Home Virginia Politics Moran to Cooch: Stop Intimidating and Harassing Scientists

Moran to Cooch: Stop Intimidating and Harassing Scientists


The following letter is from Rep. Jim Moran (D-8th) to Attorney General Ken Kook-inelli. Bolding is added by me for emphasis.

Kenneth T. Cuccinelli, II

Attorney General

Commonwealth of Virginia

900 East Main Street

Richmond, Virginia  23219

Dear Mr. Cuccinelli:

I am troubled by your order to the University of Virginia to provide you with documents related to Professor Michael Mann, an Earth scientist involved in climate change research.
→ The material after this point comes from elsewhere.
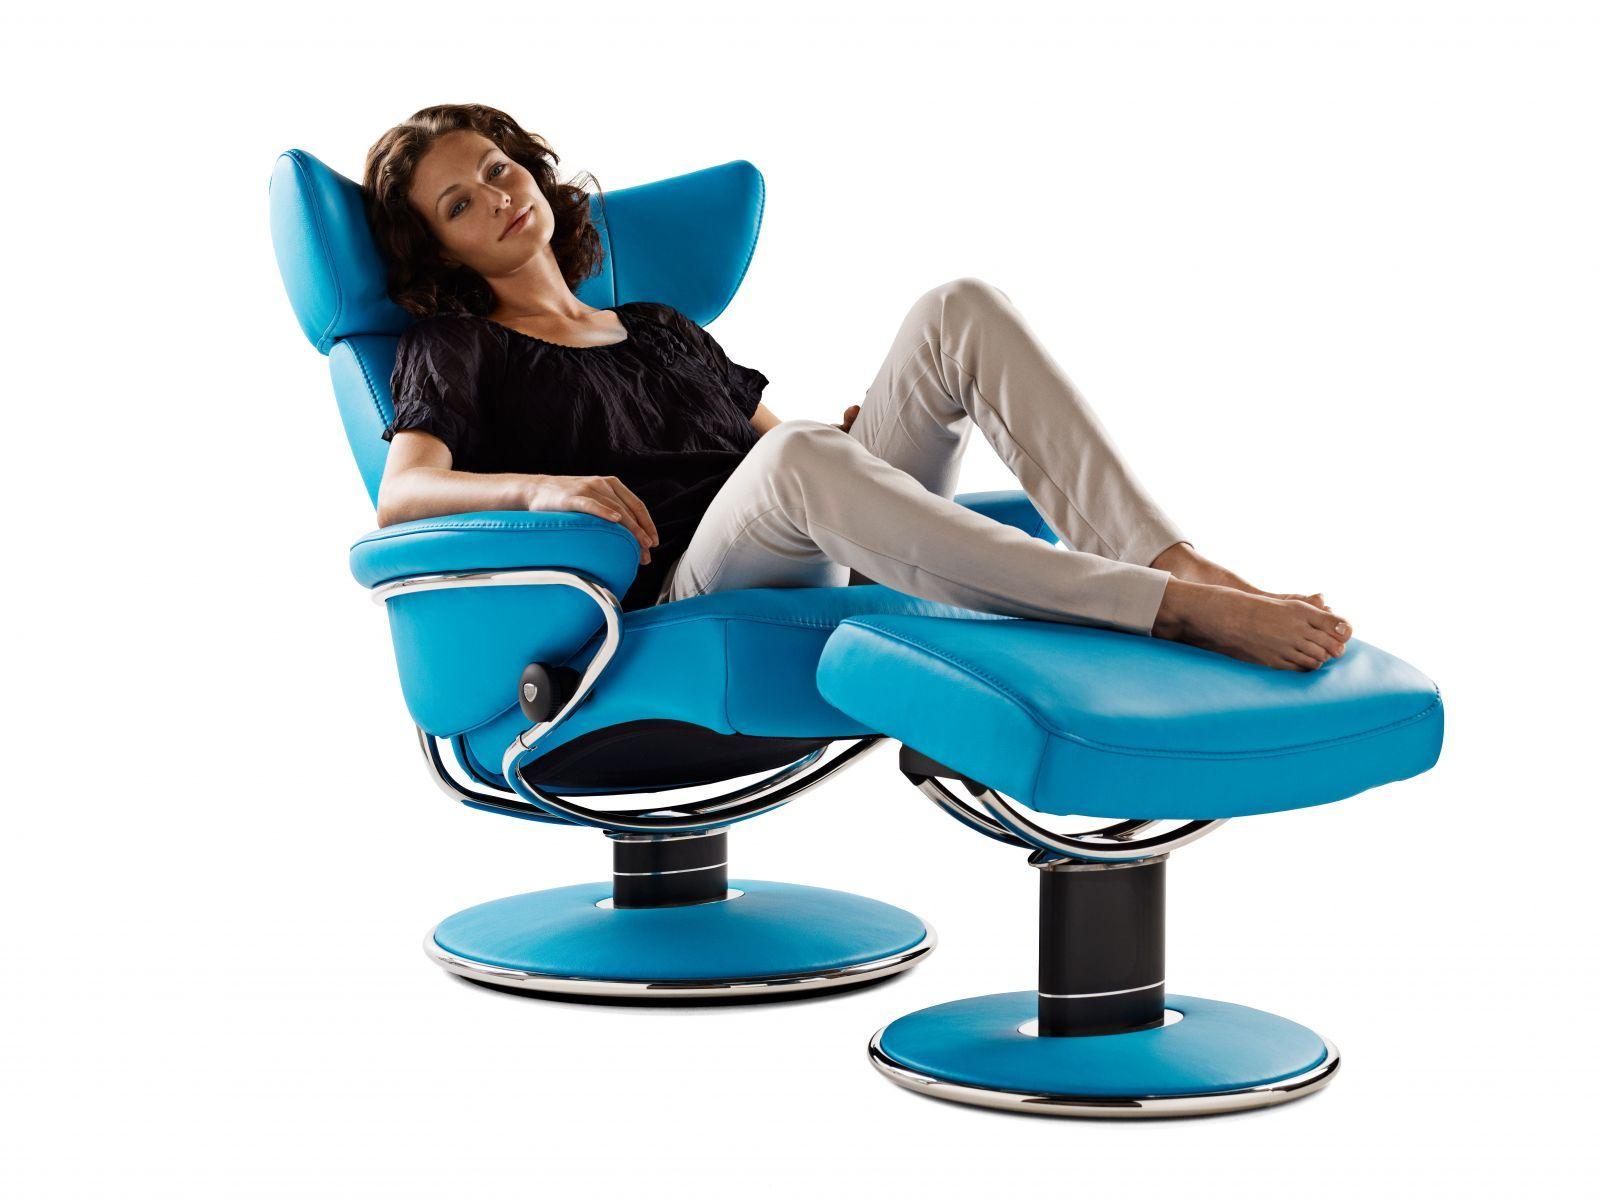 Stressless By Ekornes | Chair U0026 Sofa Showroom Orange County | Ergo

Based on the editorial in the Washington Post on May 7, 2010, I am not alone in my concerns over your inappropriate use of government resources to intimidate and harass scientists whose findings conflict with your view of the world.

Clearly, we fundamentally disagree on the issue of climate change and the merits of legislation and regulatory policy to reduce the emissions of CO2 and other greenhouse gases.  But our Constitution and our democratic process afford us multiple opportunities to influence federal policy and our response to climate change.  You have already availed yourself of the courts to overturn EPA’s endangerment finding and also have petitioned EPA to reconsider its findings. These are legitimate means by which to address your disagreement with the Obama administration’s response to the threat of climate change.
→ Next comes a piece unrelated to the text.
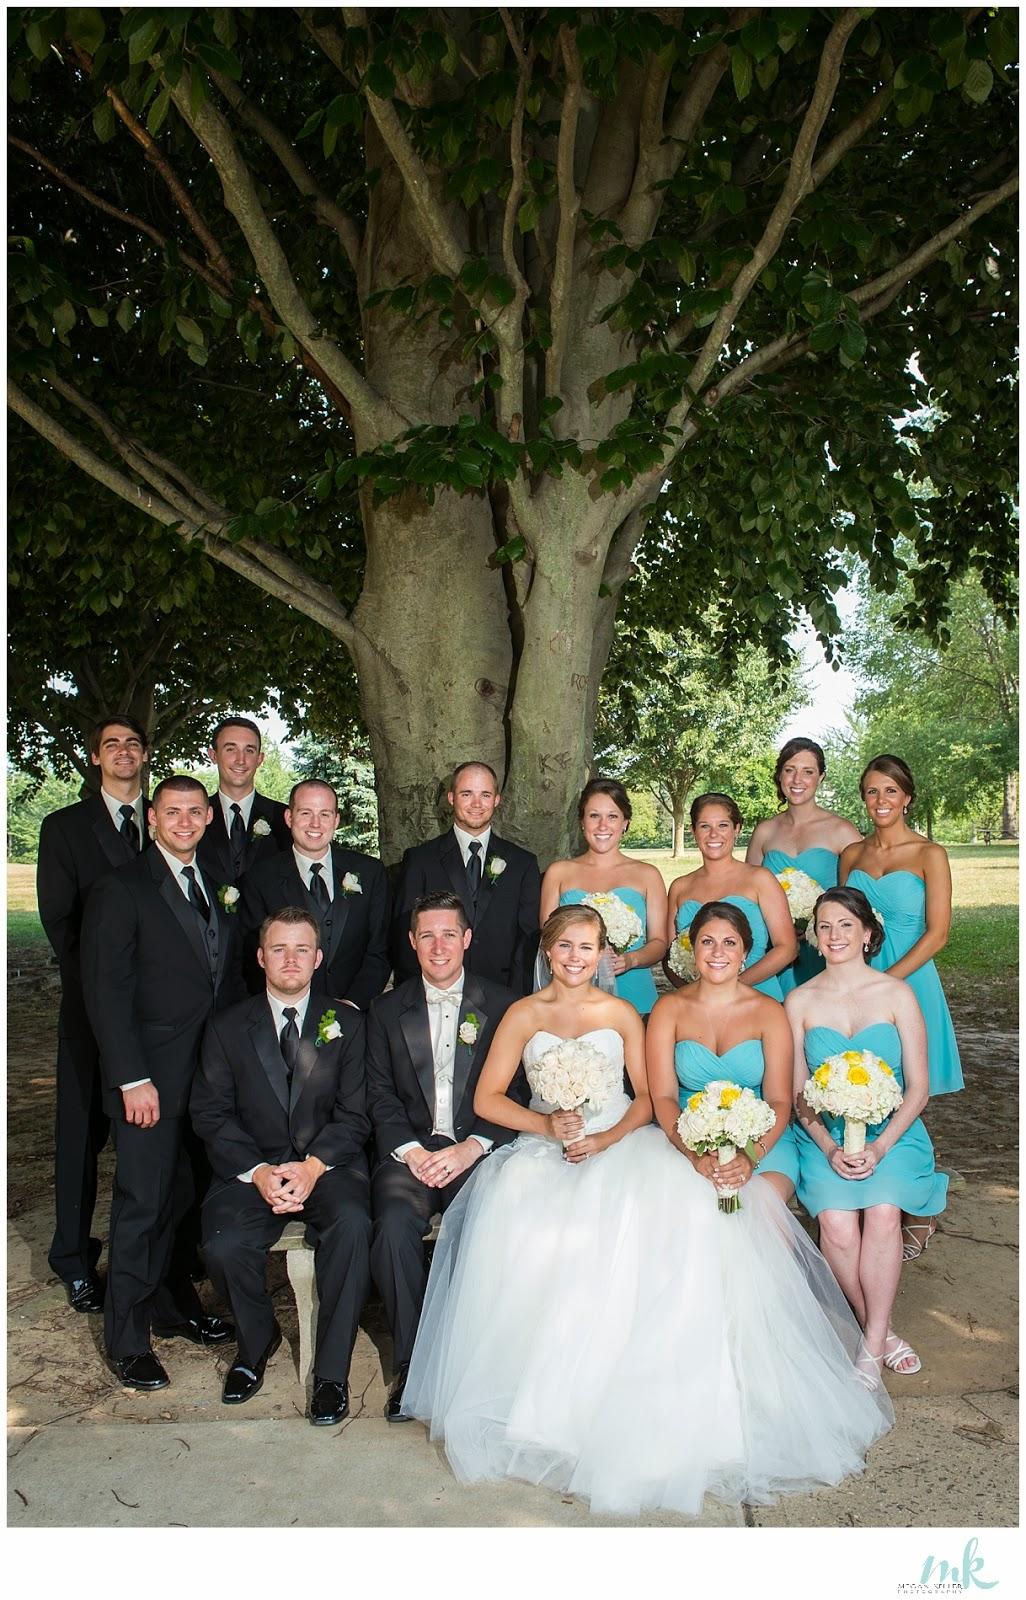 Danielle and Dan's wedding Danielle and Dan's wedding 2014 07 16 0012

It is entirely inappropriate, however, to harass and intimidate scientists whose research supports EPA’s finding and the Obama administration’s policy response.  I find it incredible that you issued a civil investigative demand to the University of Virginia, seeking all documents and emails related to Professor Mann’s research based on your claim that fraud was perpetrated with state taxpayer dollars.  Your order singles out five grants – four of which were awarded by federal government agencies – that Professor Mann received while at the University of Virginia between 1999 and 2005.  If by fraud, you are alleging some deception on the part of Professor Mann in obtaining or using the funds, the scientific community through its peer review process and federal and state research grant oversight procedures would have uncovered it.  
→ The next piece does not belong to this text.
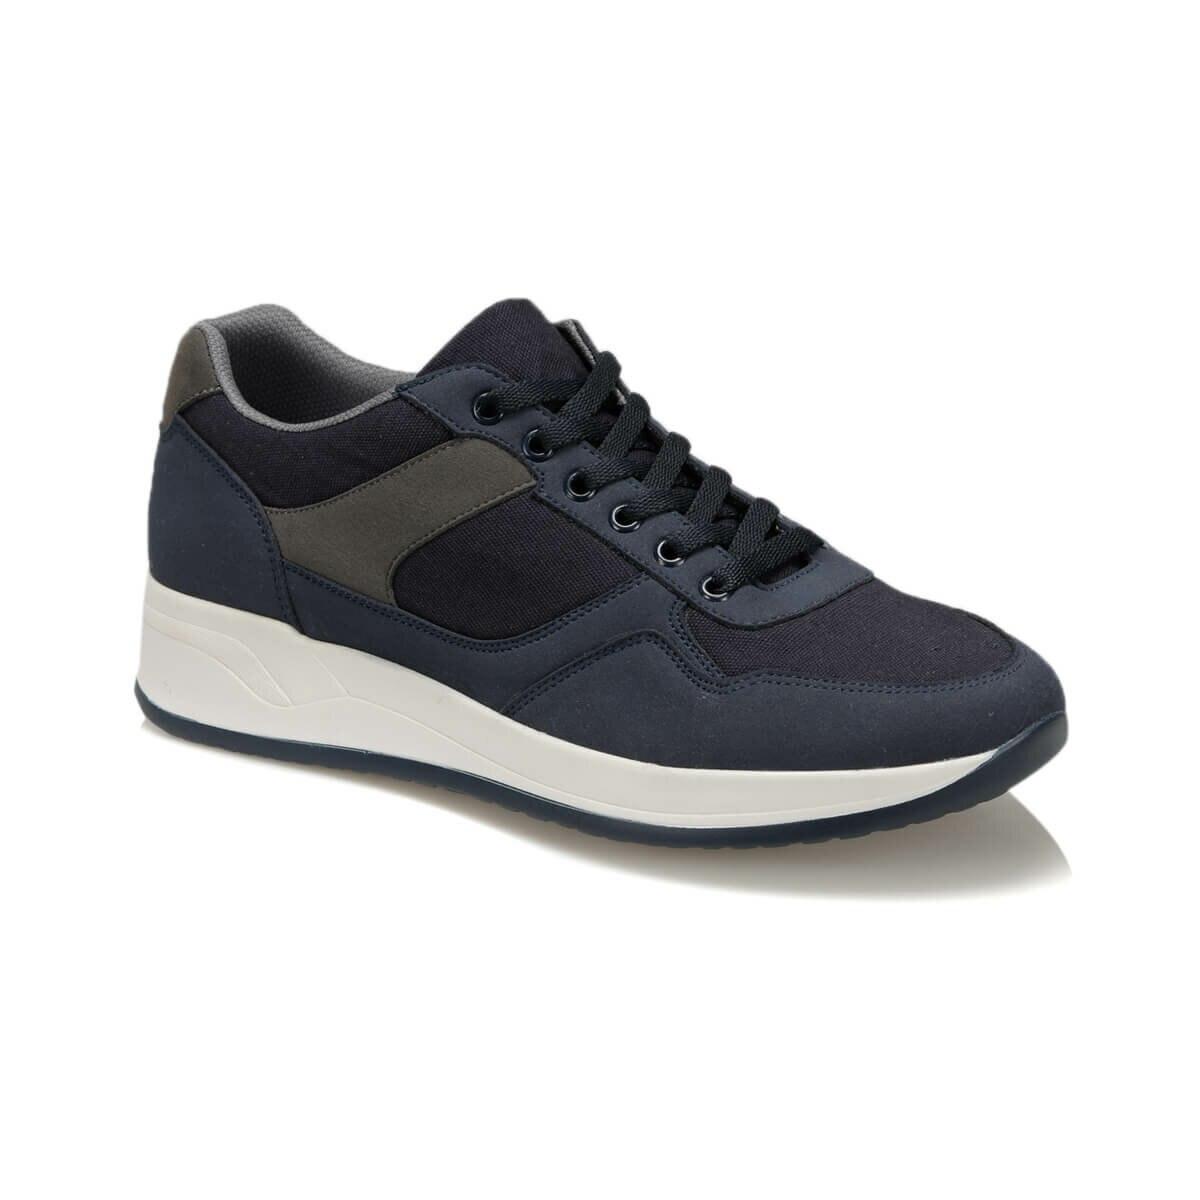 FLO LG191 Navy Blue Men 'S Shoes Forester

Contrary to your accusations, Professor Mann has satisfied reporting rules by federal agencies and the scientific community has carefully reviewed Professor Mann’s work and supports his findings.  Congress even intervened, directing the National Research Council to convene a panel of scientists to review Professor Mann’s work.  While the panel found some statistical failings, they also concluded that the failings had little to no effect on the results.  Specifically the panel found that:   “The basic conclusion of Mann et al. (1998, 1999) was that the late 20th century warmth in the Northern Hemisphere was unprecedented during at least the last 1,000 years. This conclusion has subsequently been supported by an array of evidence that includes both additional large-scale surface temperature reconstructions and pronounced changes in a variety of local proxy indicators, such as melting on ice caps and the retreat of glaciers around the world, which in many cases appear to be unprecedented during at least the last 2,000 years.”

One can only conclude that your investigation is motivated by the desire to silence those with whom you disagree under the threat of having their grants, or lives, scrutinized under the guise of government auditing.  Such action is reminiscent of the Catholic Church’s initial response when Galileo Galilei defended his views that the sun was the center of the universe in his famous work, Dialogue Concerning the Two Chief World Systems.  It was not until October 31, 1992 when Pope John Paul II expressed regret for how the Galileo affair was handled that the Catholic Church brought the controversy toward some closure.

Unfortunately, climate change does not afford us the luxury of time to amend our policies decades from now.  And, your cynical employment of the Commonwealth’s constitutional office to attempt to discredit these findings sets a dangerous precedent that will have a chilling effect on future academic freedom and scientific inquiry.  History will neither reflect kindly on those who reject science in the pursuit of short-term economic and political gain, nor will it look kindly on your attempt to tarnish the good name of Professor Michael Mann.